How to complete this task:
All the lines below should appear again unchanged, though their pictures should not.
(Beginning of Material provided)
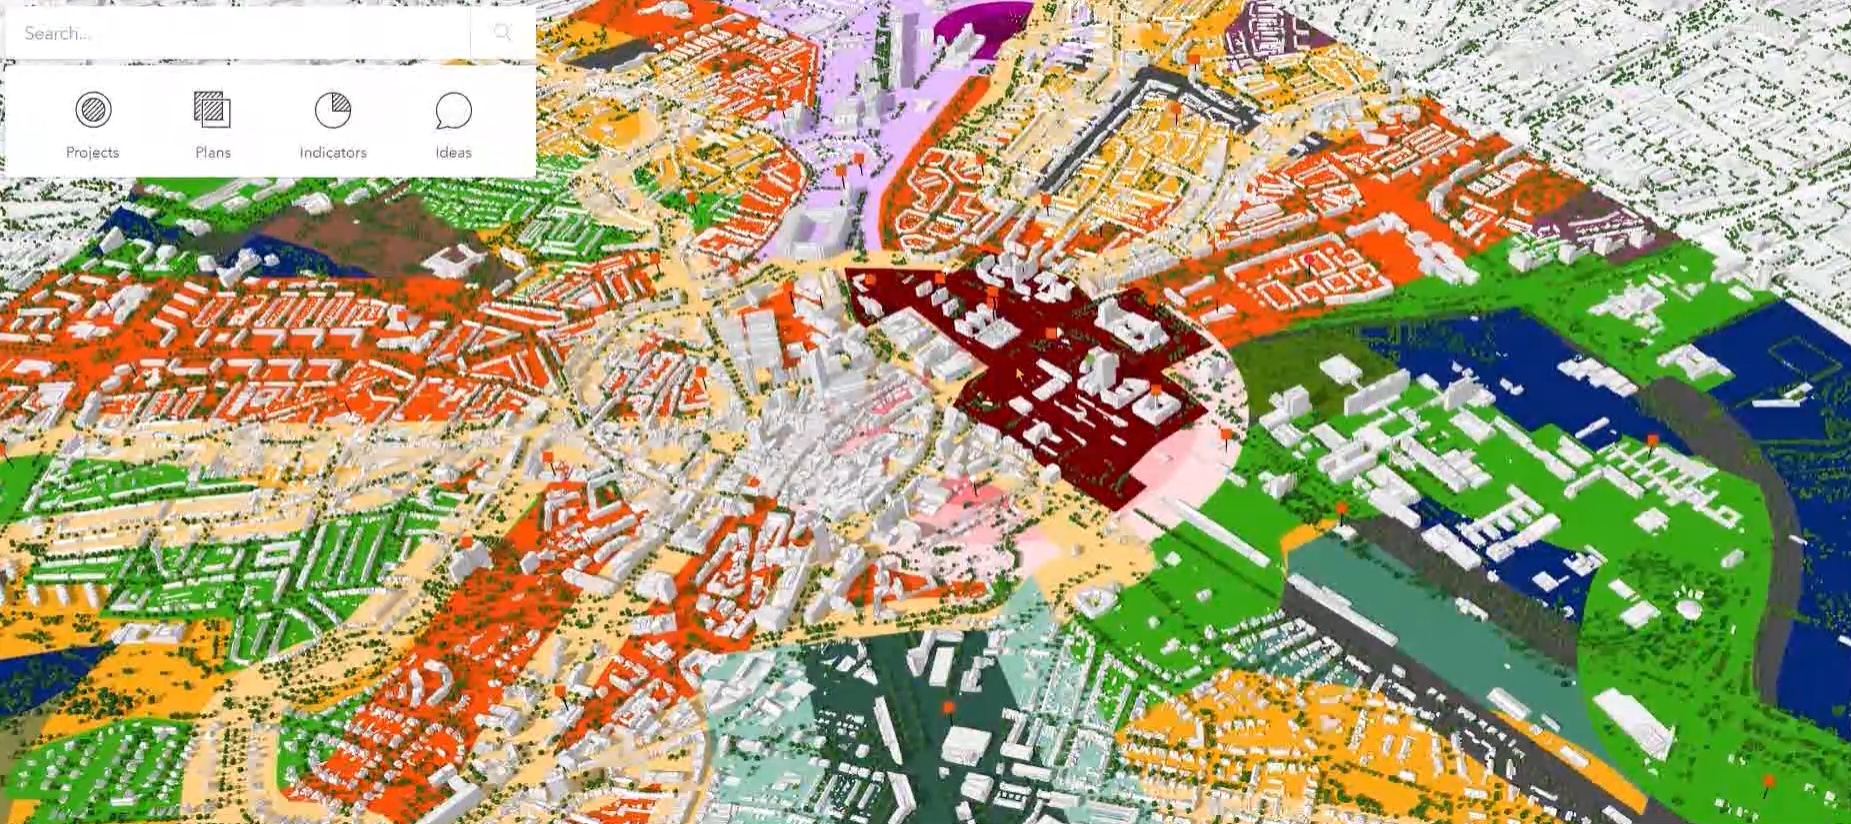 2021.02.18-Screenshot-Brainport-Eindhoven.jpg
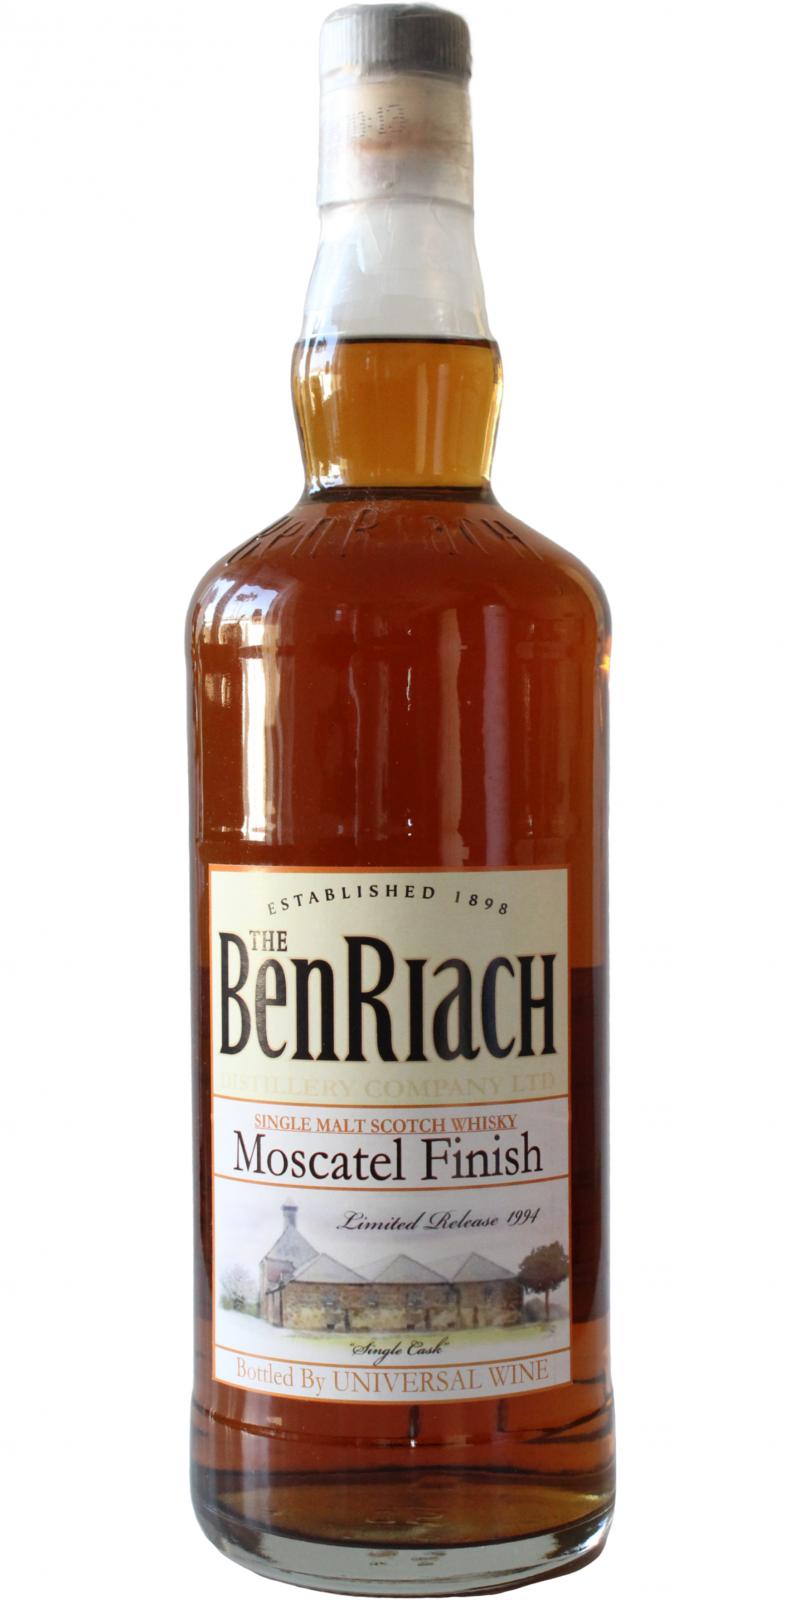 BenRiach 1994 Moscatel Finish #1713 Universal Wine Belgium 58.3% 700ml
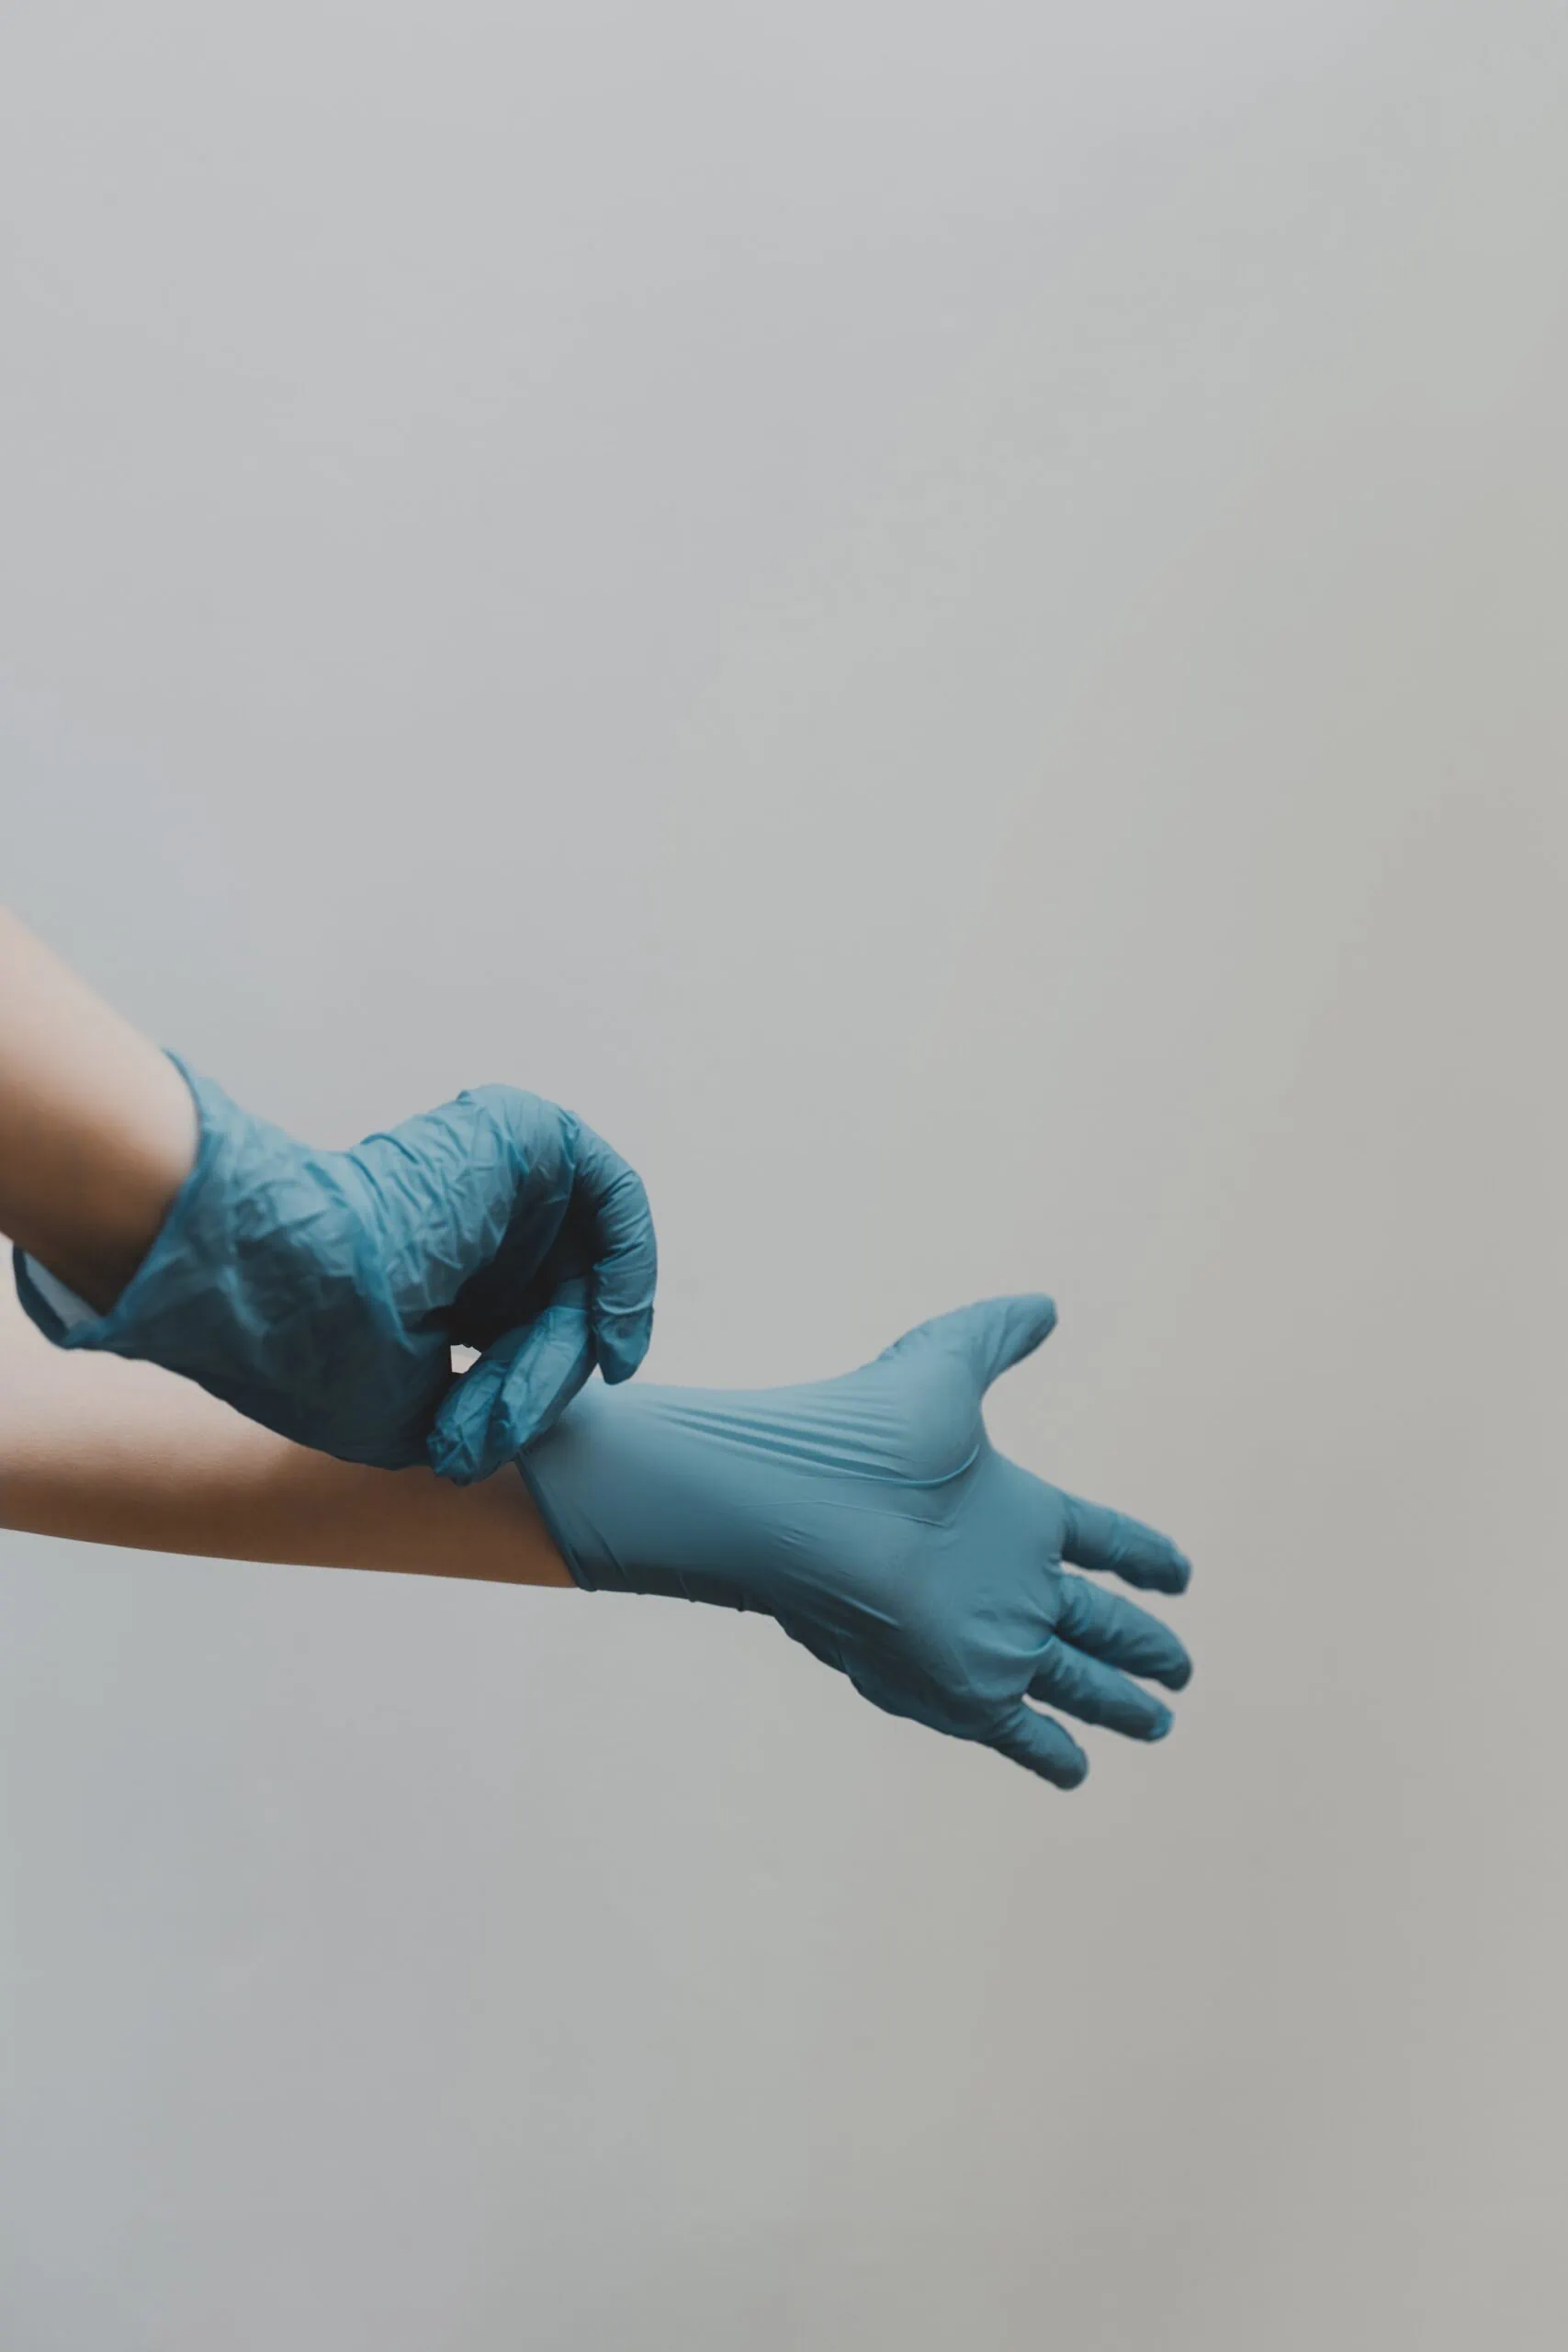 Doctor putting on gloves in hospital safe with hospital cameras
(End of Material provided)
Solved problem:
 2021.02.18-Screenshot-Brainport-Eindhoven.jpg
 BenRiach 1994 Moscatel Finish #1713 Universal Wine Belgium 58.3% 700ml
 Doctor putting on gloves in hospital safe with hospital cameras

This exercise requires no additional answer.